は、各バンドで伝送されるＩＳＣ個数のうち符号化されて残った個数を意味し、

Means the number of remaining ISCs among the number of ISCs transmitted in each band,

は、各バンドで伝送されるパルスの個数のうち、符号化されて残った個数を示し、Ｍｓは、トレリス状態で存在する大きさの集合を意味する。そして、ｊは、大きさのうち符号化されたパルス個数を意味する。

Indicates the number of pulses remaining in the number of pulses transmitted in each band, and Ms indicates a set of sizes existing in a trellis state. J indicates the number of encoded pulses in the magnitude.

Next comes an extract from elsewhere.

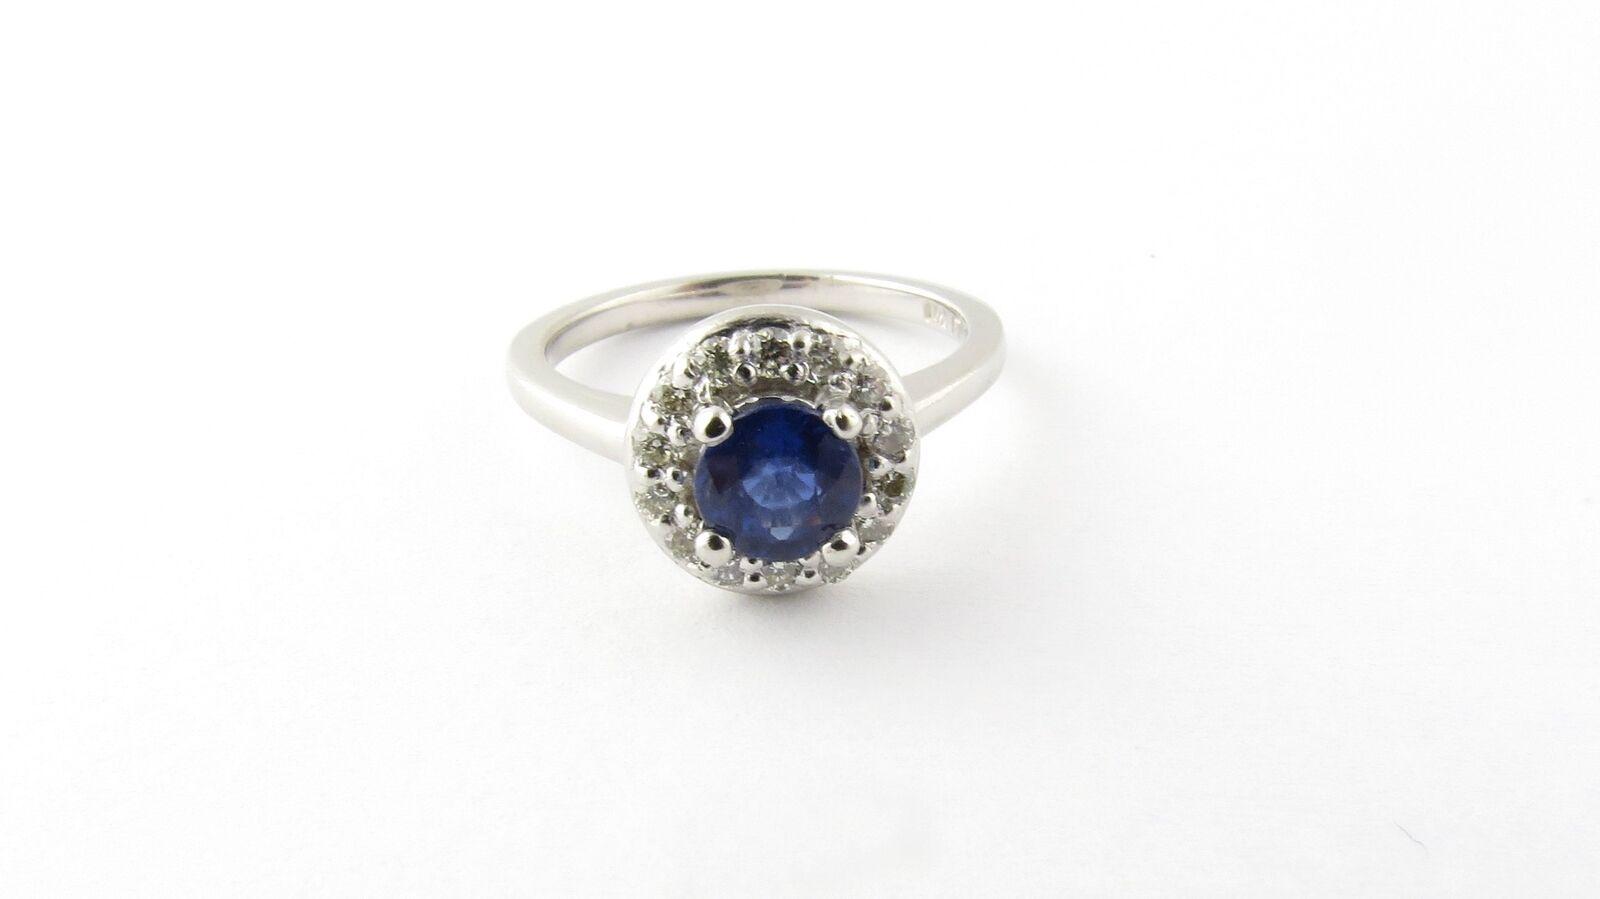 Vintage Platinum Sapphire and Diamond Ring 4.5

  The lossless coding unit 2630 can losslessly code the TCQ size information, that is, the size and the path information, using the obtained probability value. The number of pulses of each magnitude is

値と

Value and

値とによって符号化される。ここで、

And encoded by the value. here,

値は、以前大きさの最後のパルスの確率を意味する。そして、

The value refers to the probability of the last pulse of the previous magnitude. And

値は、それ以外の他のパルスに該当する確率を意味する。最終的に、そのように求められた確率値によって、符号化されたインデックスを出力する。

The value means a probability corresponding to another pulse. Finally, an encoded index is output according to the probability value thus obtained.

  FIG. 27 is a block diagram showing a configuration of an ISC information decoding device according to another embodiment. The device in FIG. 27 may include a probability calculation unit 2710 and a lossless decoding unit 2730.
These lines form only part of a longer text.